Spurgeon at the Metropolitan Tabernacle: 365 Sermons - Wednesday, December 18, 2013

Good works in good company

‘Come, my beloved, let us go forth into the field; let us lodge in the villages. Let us get up early to the vineyards; let us see if the vine flourish, whether the tender grape appear, and the pomegranates bud forth: there will I give thee my loves.’ Song of Solomon 7:11–12

Suggested Further Reading: Luke 10:38–42

Some persons imagine that one cannot serve Christ actively and yet have fellowship with him. I think they are very much mistaken. I confess it is very easy to get into Martha’s position, and to be cumbered with much serving; you may have to preach here and there so many times a week, to attend committees, to visit sick people, and to do so many other things, that you may really, unless you are careful, fritter away your own inward life in outward exercises. I do not think, however, that there is any reason why this should be the case except through our own folly. Certain is it that a person may do nothing at all, and yet grow quite lifeless in spiritual things. Mary was not praised for sitting still; no, but for sitting still at Jesus’ feet.
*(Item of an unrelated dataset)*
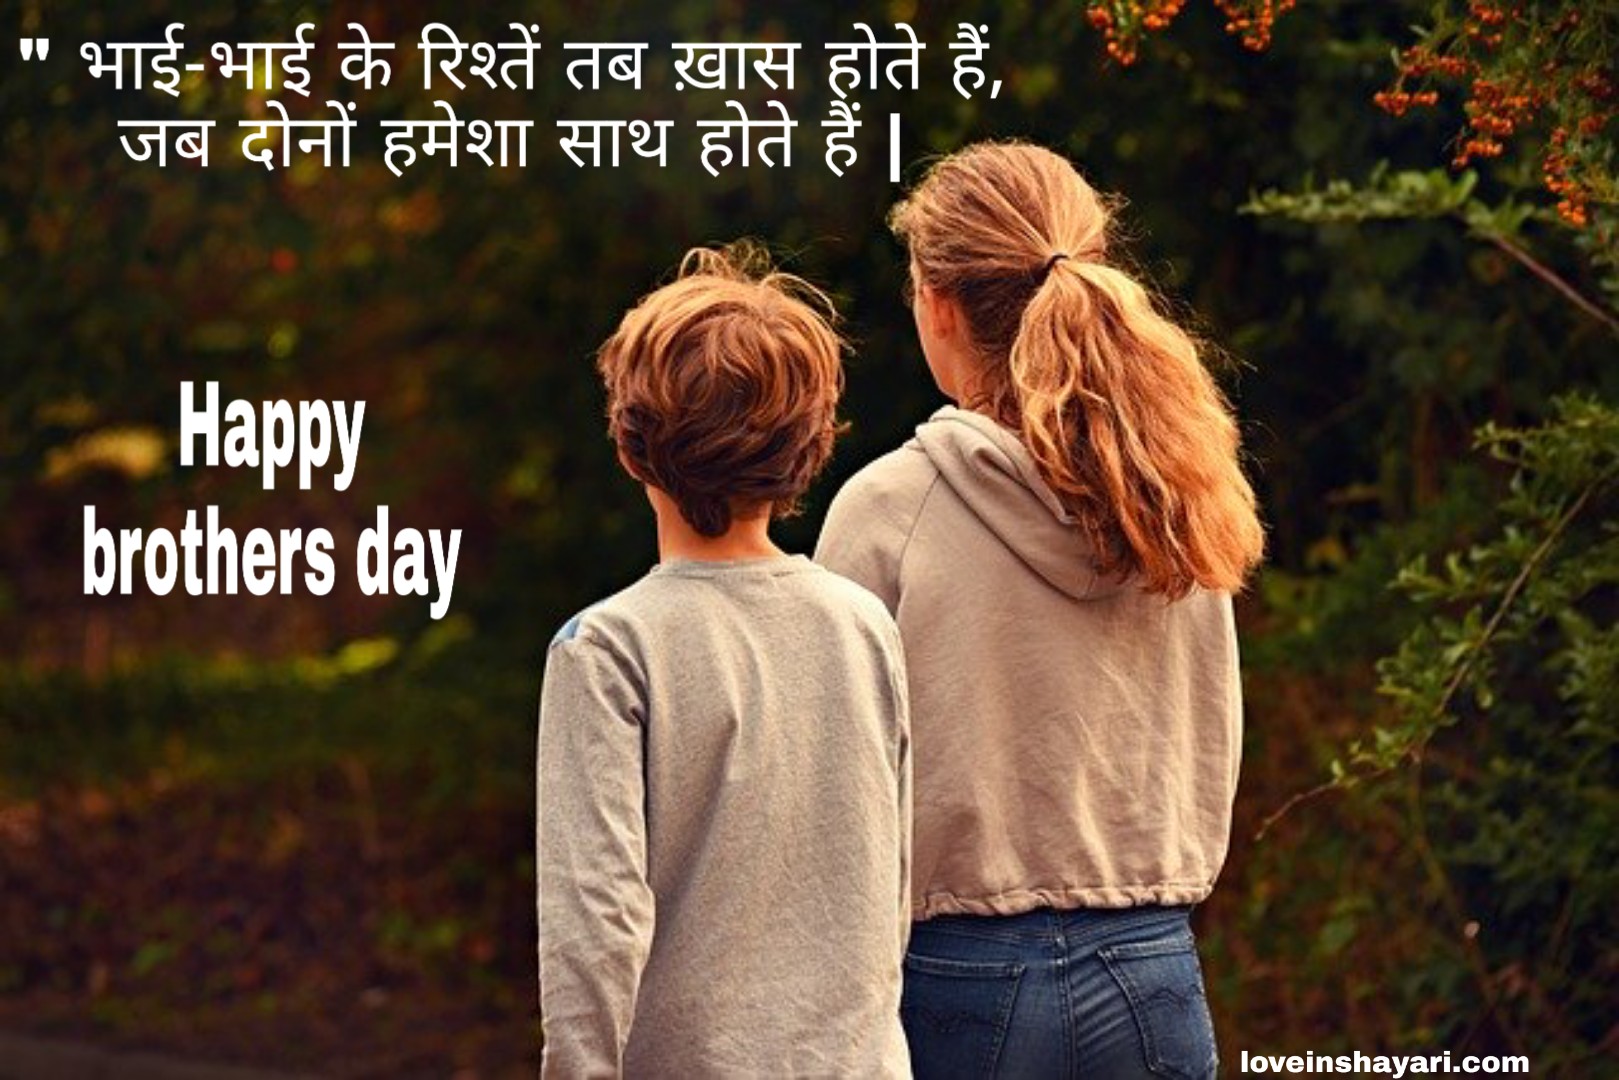 Happy brothers day images 2020 hd » Love In Shayari

And so, Christians are not to be praised, if they neglect duties, merely because they live in retirement, and keep much at home: it is not sitting, I say, but sitting at Jesus’ feet. Had Martha been sitting still, or had Mary been sitting anywhere else, I doubt not that the Master would have given a word of rebuke: he would never had said that mere sitting still was choosing the good part. Indeed, I know some of you who are none the better for doing nothing, but a great deal the worse; for those who do nothing grow sour, and are always willing to find fault with the way in which others serve Christ. Do not think, therefore, that mere activity is in itself an evil: I believe it is a blessing. Taking a survey of Christ’s church, you will find that those who have most fellowship with Christ, are not the persons who are recluses or hermits, who have much time to spend with themselves, but they are the useful indefatigable labourers who are toiling for Jesus.

For meditation: Devotion to God and his Word is not an alternative to Christian service. Devotion should lead to action; action should spring from devotion (Joshua 1:8; Daniel 11:32; 2 Timothy 3:16–17).